Is there anything personal that you two took away from the film?
Emad: I am completely transformed. My relationship with myself has changed, let alone my relationship with the world. It’s one thing to plan and think your ideology, but once you implement it, everything changes. My connection with Sarah and Jon and myself has deepened greatly.
Sarah: I feel the same as Emad. Also, meeting Deepak was pretty life changing. He’s so cool. I couldn’t believe how interesting and down to earth he was.
What is the word on the feature you plan to create around Duality?
Sarah: We have the script, we are just polishing it. Quite a lot of it is in place already. The small things need to fall in place now. I will be acting, Emad will be directing. We are still coming up with a name.
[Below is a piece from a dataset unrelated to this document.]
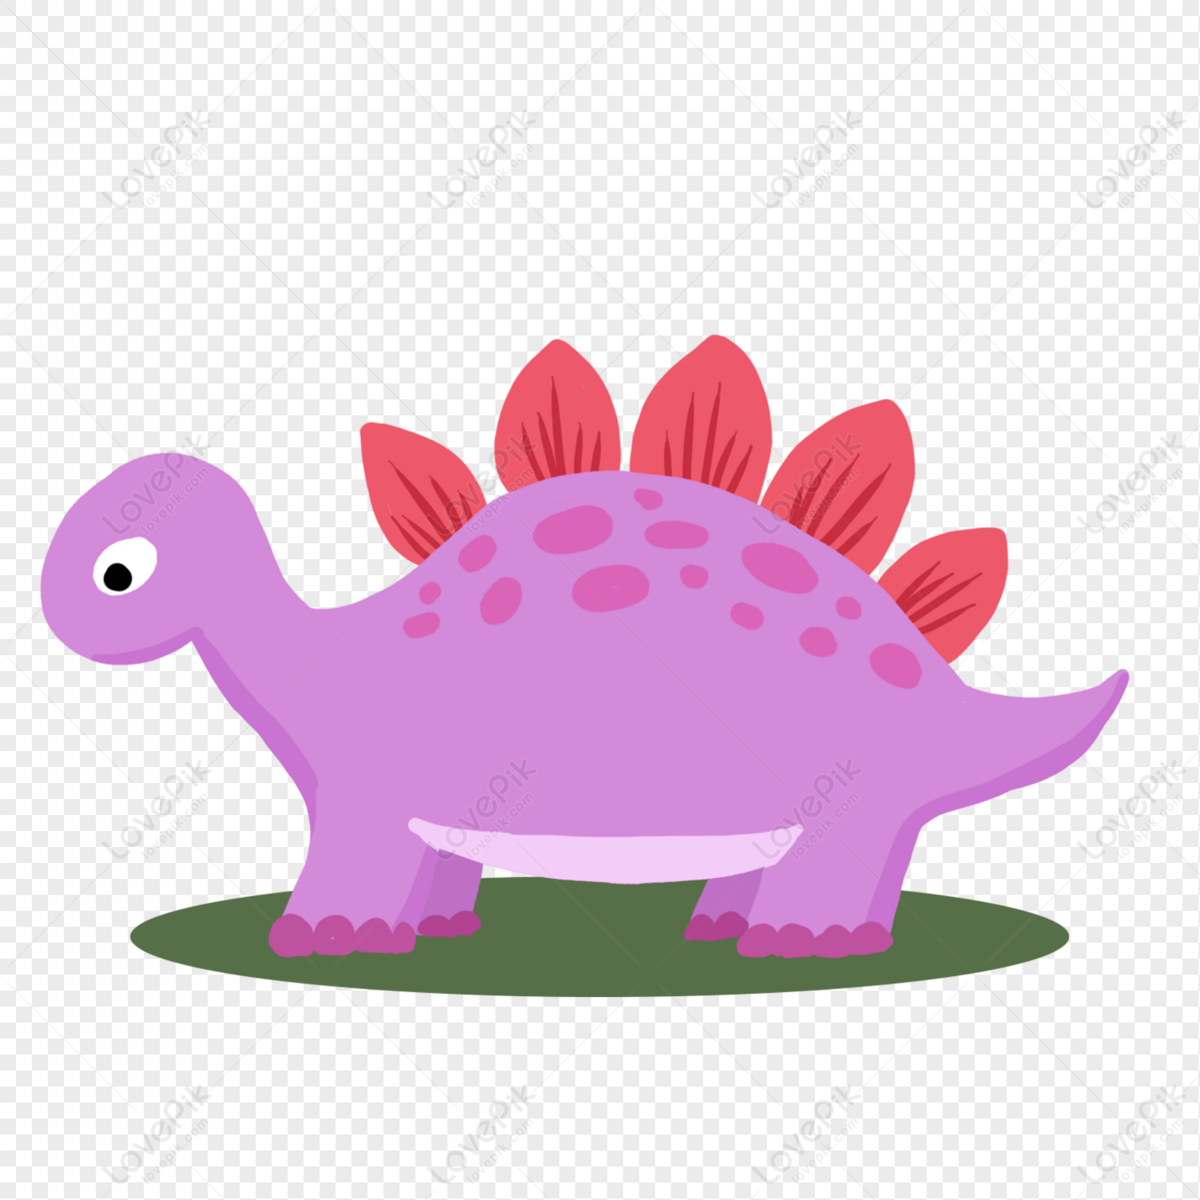 Cartoon Dinosaur Cute Animal Dinosa Free PNG And Clipart Image For Free  Download - Lovepik | 401563159

Emad: We are working on getting an amazing young singer and an amazing producer to write a song for the film. I have the visuals in my head, I just need to sit down and draw out the storyboard. I want to work on it from both a commercial and a personal side. Sarah did an incredible job writing it. We have a few financiers lined up, but I want to find one that’s really into the idea. They will be working on our next big project which will be titled “The United States of Israel.”
Is there anything you want the audience to know before they see this?
Sarah: For the short film, I want people to know that it’s open for interpretation. I’m interested in peer feedback and I like to hear what other people have to say. Everyone seems to have their own interpretation.
Emad: I feel the same. We set out to do a work of art. We want to create a piece that leaves the viewer thinking differently about the film from when they started it. It’s just amazing how well everything fit together. I went home and sketched everything out in the beginning stages of the film; down to the details of Jon’s Hair match the final piece.